The nervous system plays an essential role in the way that the human body moves, reacts, and functions every day. Throughout the nervous system are different elements that help it to do what it’s supposed to do. For example, gamma-aminobutyric acid, otherwise known as GABA, works to keep the nervous system regulated. 

But when the production of GABA is thrown off, the entire body might not be able to work effectively and it could instead have serious side effects that would put you or your loved one at risk for harm. So, what exactly causes this disturbance, and how can you protect yourself from the consequences of not having a functioning nervous system?

To answer those questions, you must begin to look at the toxic relationship between GABA and alcohol.

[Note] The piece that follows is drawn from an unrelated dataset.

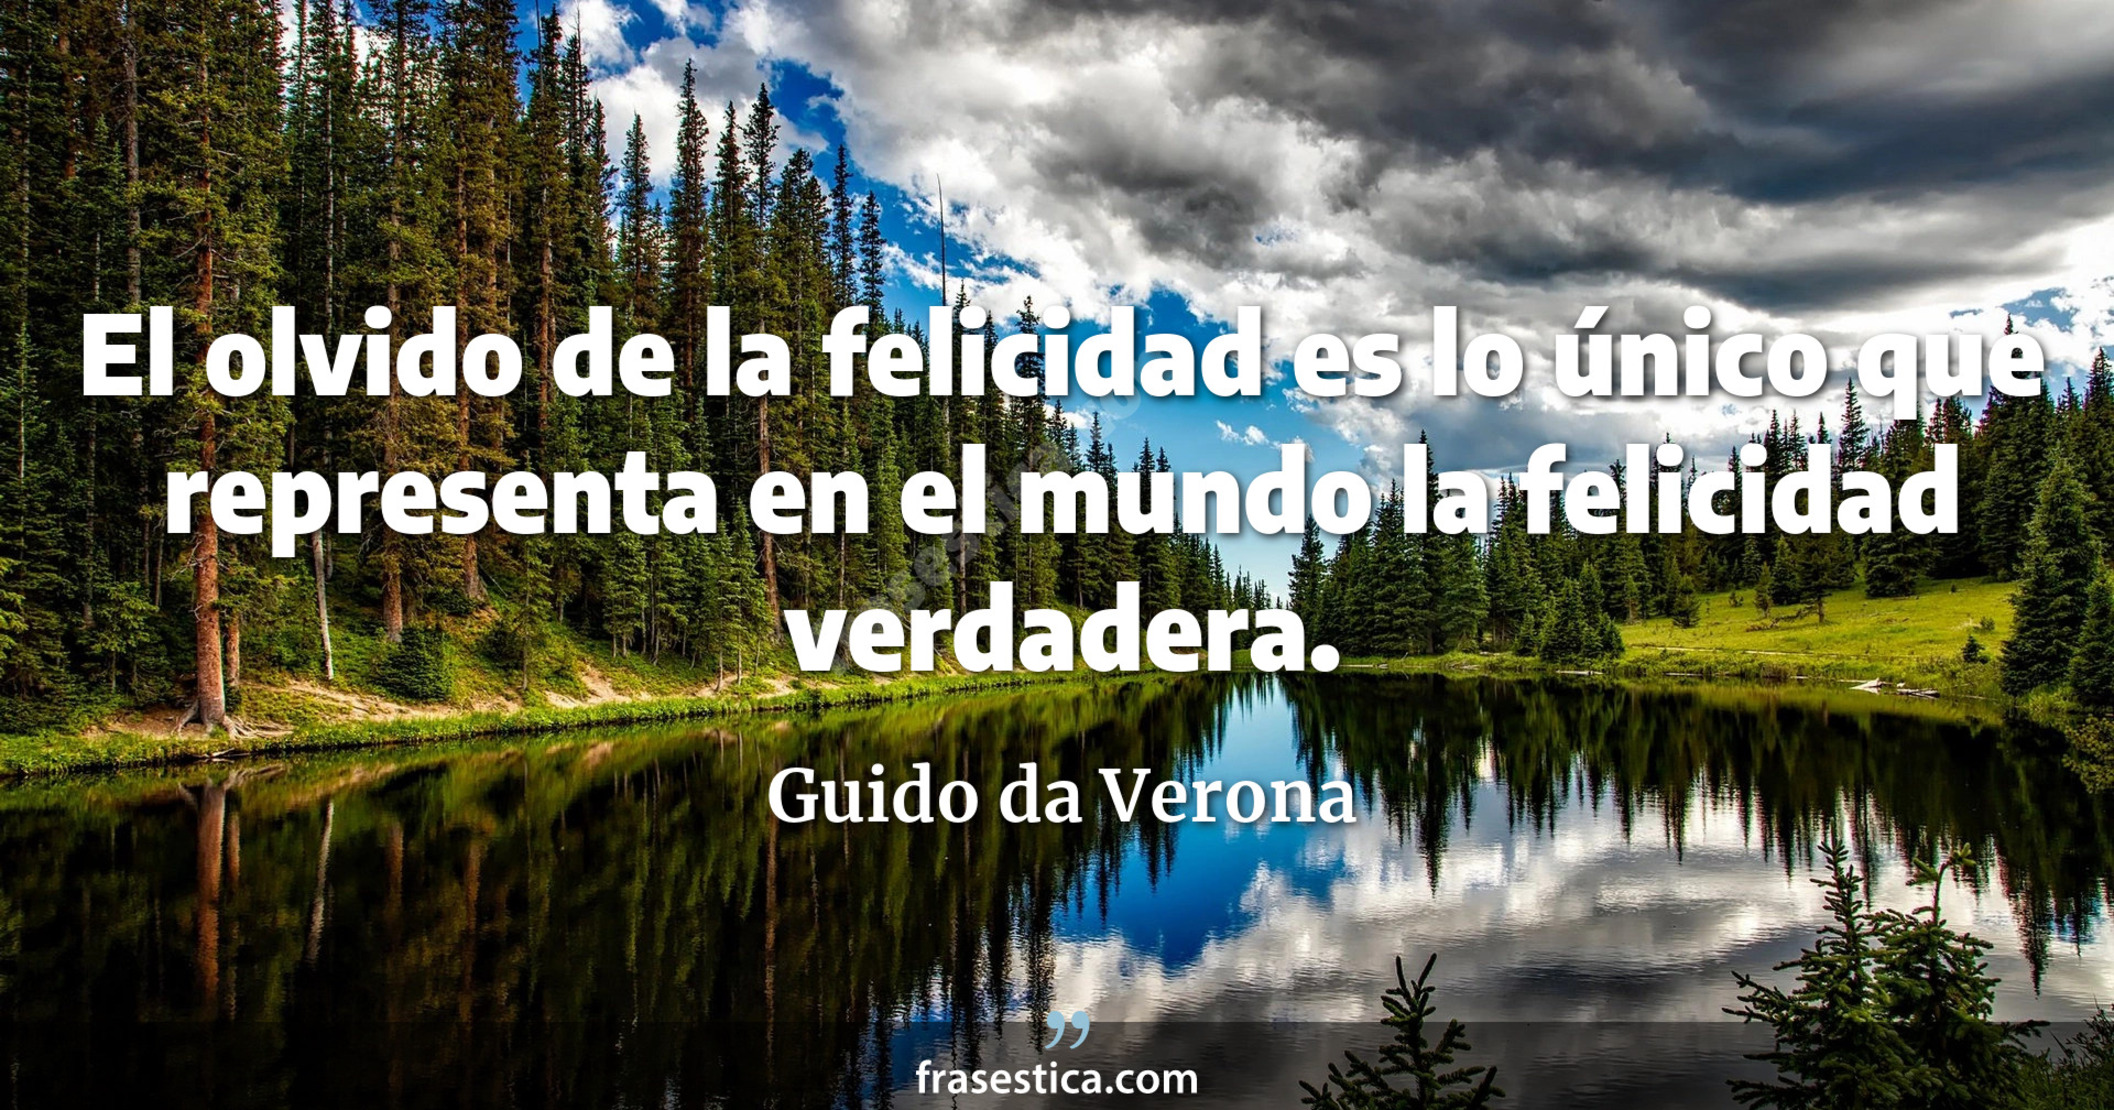 El olvido de la felicidad es lo único que representa en el mundo la felicidad verdadera. - Guido da Verona

Here are five facts about GABA and alcohol that can help you understand more about the way your body works as well as how to prepare it for addiction recovery.

1. GABA Helps with Your Mood

GABA and alcohol

The first fact to know is that GABA is responsible for regulating the body’s emotional responses to various stimuli. As described above, GABA is a neurotransmitter that helps the different parts of the nervous system communicate with one another. Specifically, GABA stops the body from reacting in extreme ways to situations or stimuli that can’t actually cause harm. 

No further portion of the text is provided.